Second, despite our efforts to identify all conceptions and their timing regardless of pregnancy outcome type, we may have underestimated pregnancy rates due to failure to capture miscarriages and non-reimbursed abortion, and misclassification of gestational age. However, when interpreting the results, the focus should be on the pattern of pregnancy rates due to mental disorders, as the extent of misclassification would not be expected to differ systematically across diagnoses. Third, the data comprised patients with three continuous years of private health insurance, implying that all included study populations had employed parents. Therefore, the study results and interpretations cannot be generalized to uninsured or government insured populations. Fourth, we included age as the only covariate in the multivariable logistic regression analysis after adjusting for the relationship between the type of mental disorder and adolescent pregnancy. However, differences in race, income, or geographic area among mental disorder types may exist, which can affect the estimation of adolescent pregnancy.
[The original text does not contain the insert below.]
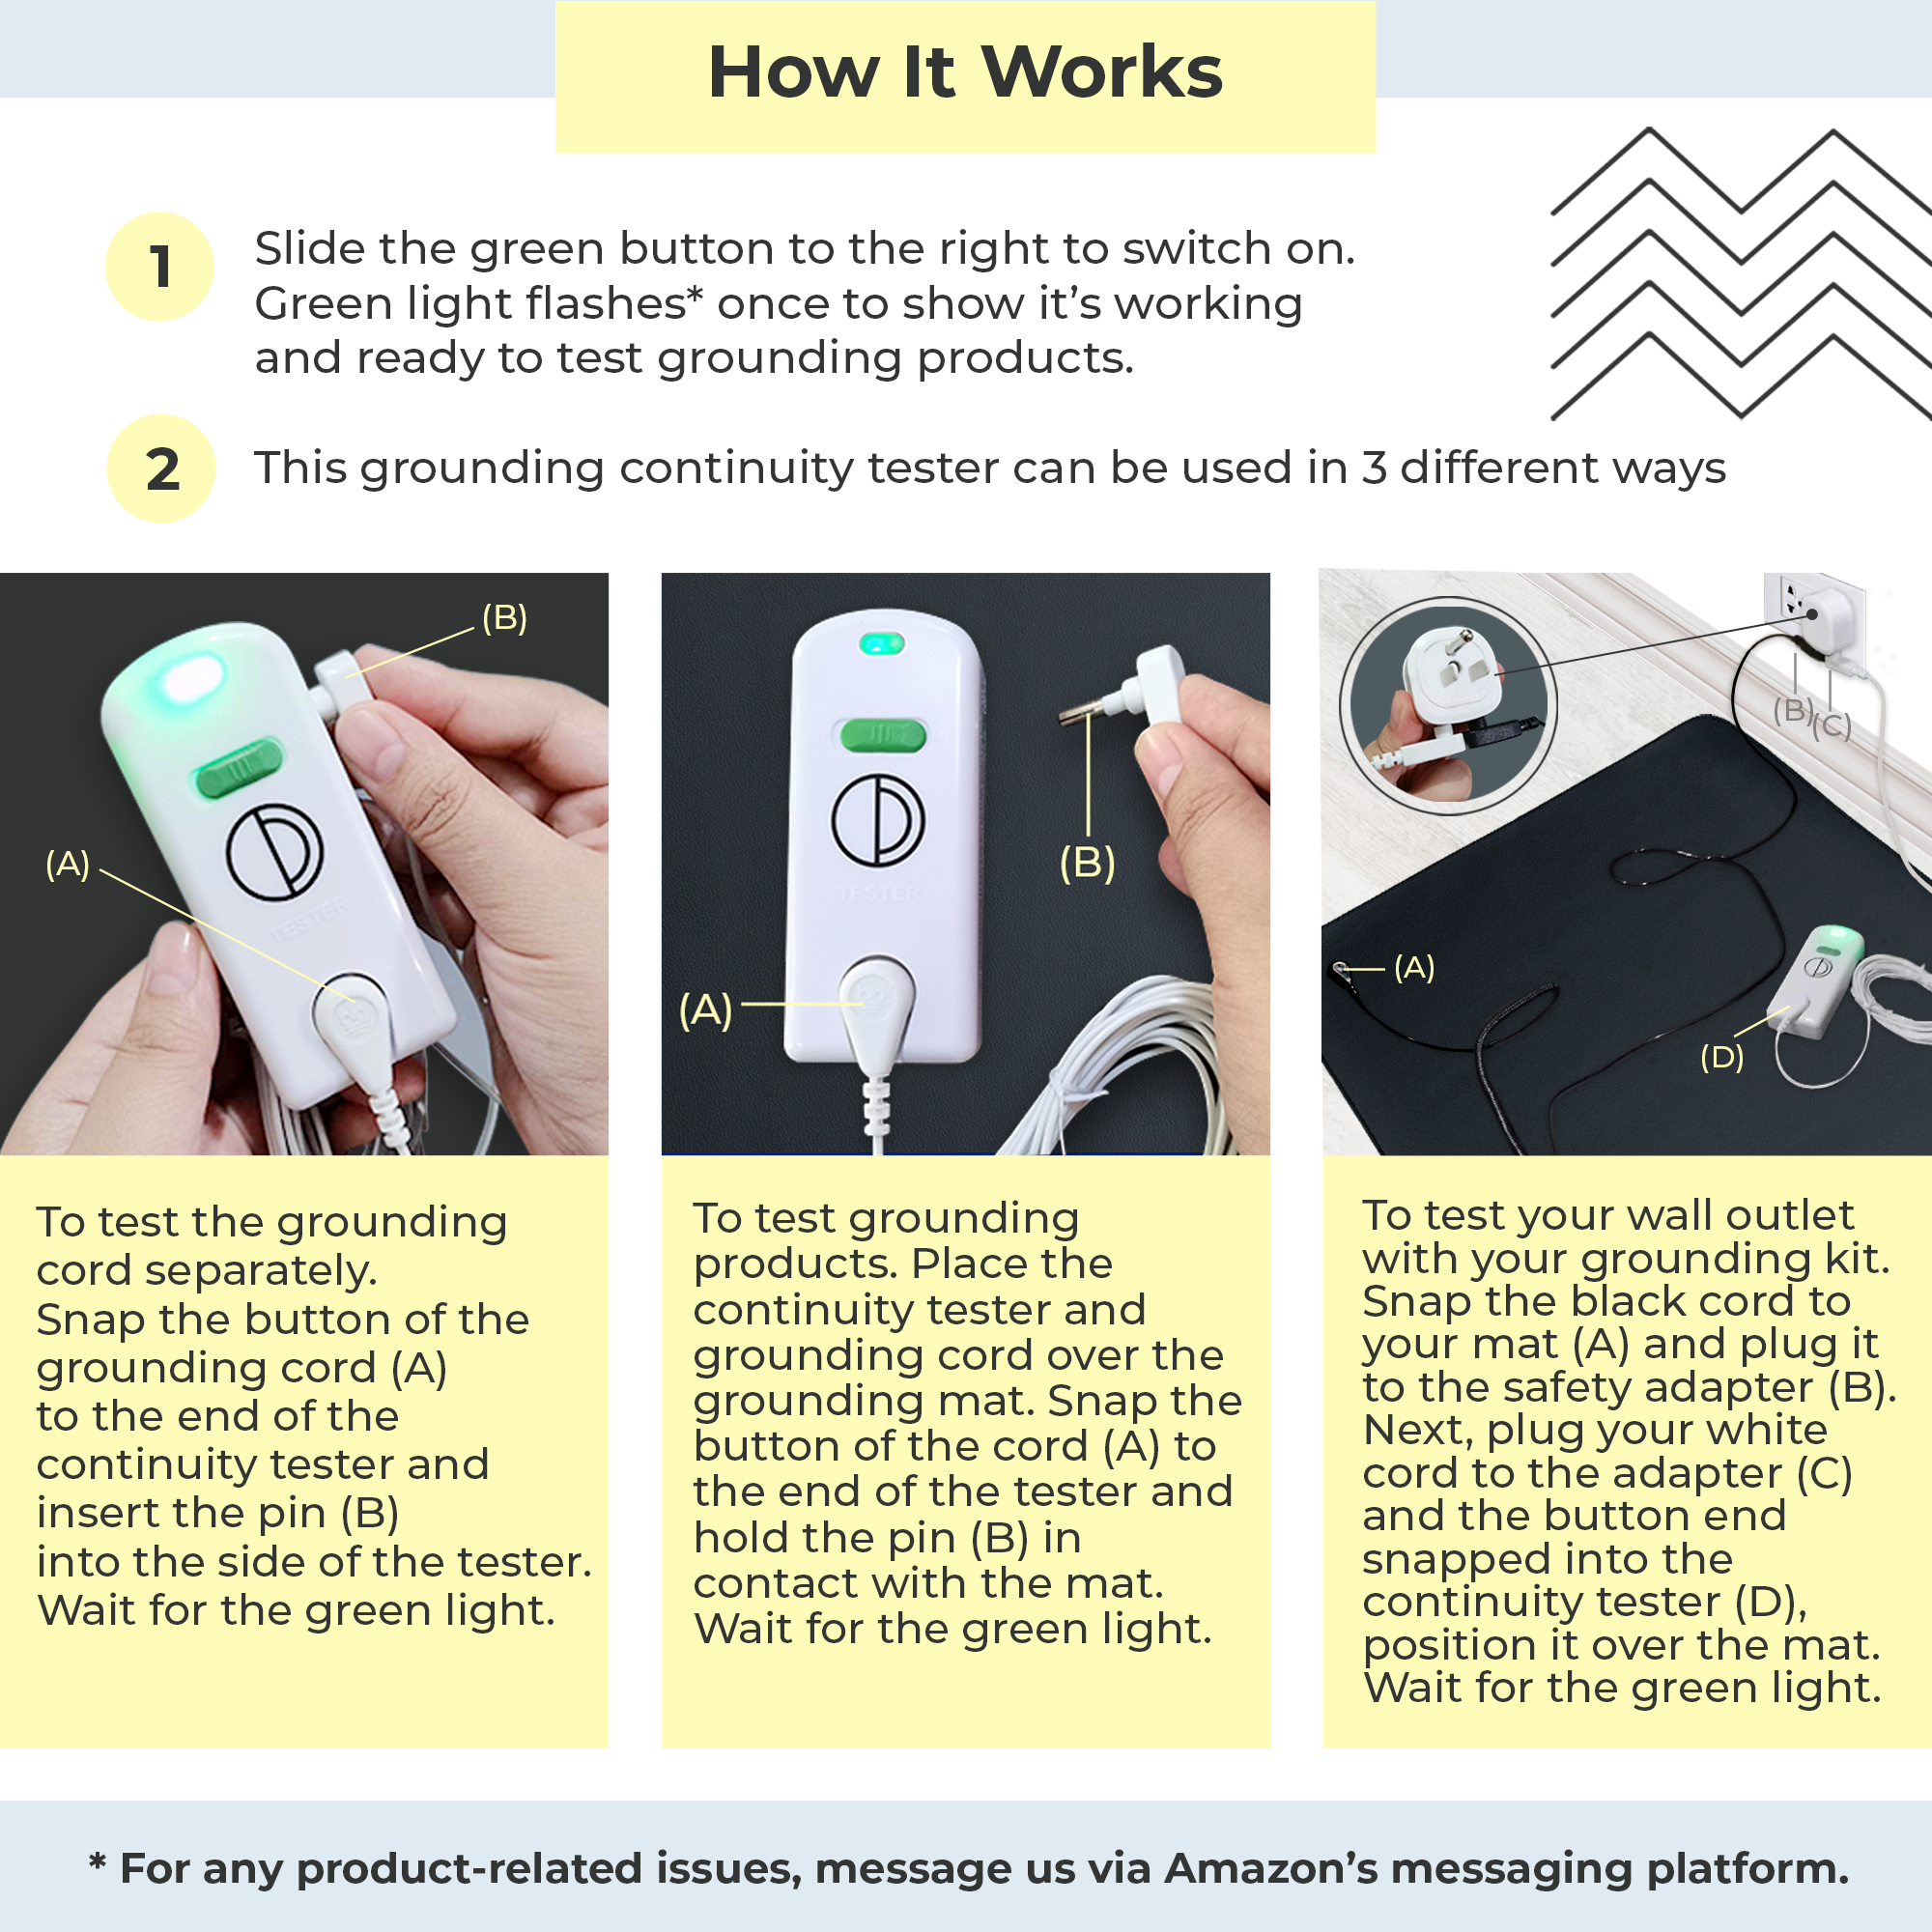 how grounding continuity tester works with your grounding cord, grounding products, grounding kit and wall outlet

Future studies that provide basis for adjusting for differences in age-specific adolescent pregnancy rates across groups defined by sex, race, ethnicity, geography, and other sociodemographic categories are warranted.
Lastly, while we do not discount a more specific designation of mental disorder diagnoses requiring more stringent criteria (e.g., at least two outpatient diagnoses of the same mental disorder), we emphasize the distinction between girls with some level of mental disorder and those who were never diagnosed with any mental disorder during our look-back period.
Conclusion
With significantly higher adolescent pregnancy rates than their counterparts without diagnosed mental disorders, adolescents with certain mental disorders should be prioritized for evidence-based pre-conception health care.
Supporting information
Data Availability
Data for these analyses were made available to the authors through third-party license from Merative MarketScan Research Database, a commercial data provider in the United States. As such, the authors cannot make these data publicly available due to data use agreement. Other researchers can access these data by purchasing a license through Merative MarketScan Research Database. Inclusion criteria specified in the Methods section would allow other researchers to identify the same cohort of patients we used for these analyses. Interested individuals may see "https://www.merative.com/real-world-evidence" for more information on accessing Merative MarketScan Research Database. The authors did not have any special access privileges other authors would not have.
Funding Statement
This work is supported by Chonnam National University Hospital Biomedical Research Institute (BCRI202109-85), awarded to NJ. The funders had no role in study design, data collection and analysis, decision to publish, or preparation of the manuscript.
References
- 1.Centers for disease control and prevention. Youth risk behavior survey data summary & trends report: 2009–2019. [Cited 2023 Sep 26]. Available from: https://www.cdc.gov/healthyyouth/data/yrbs/pdf/YRBSDataSummaryTrendsReport2019-508.pdf.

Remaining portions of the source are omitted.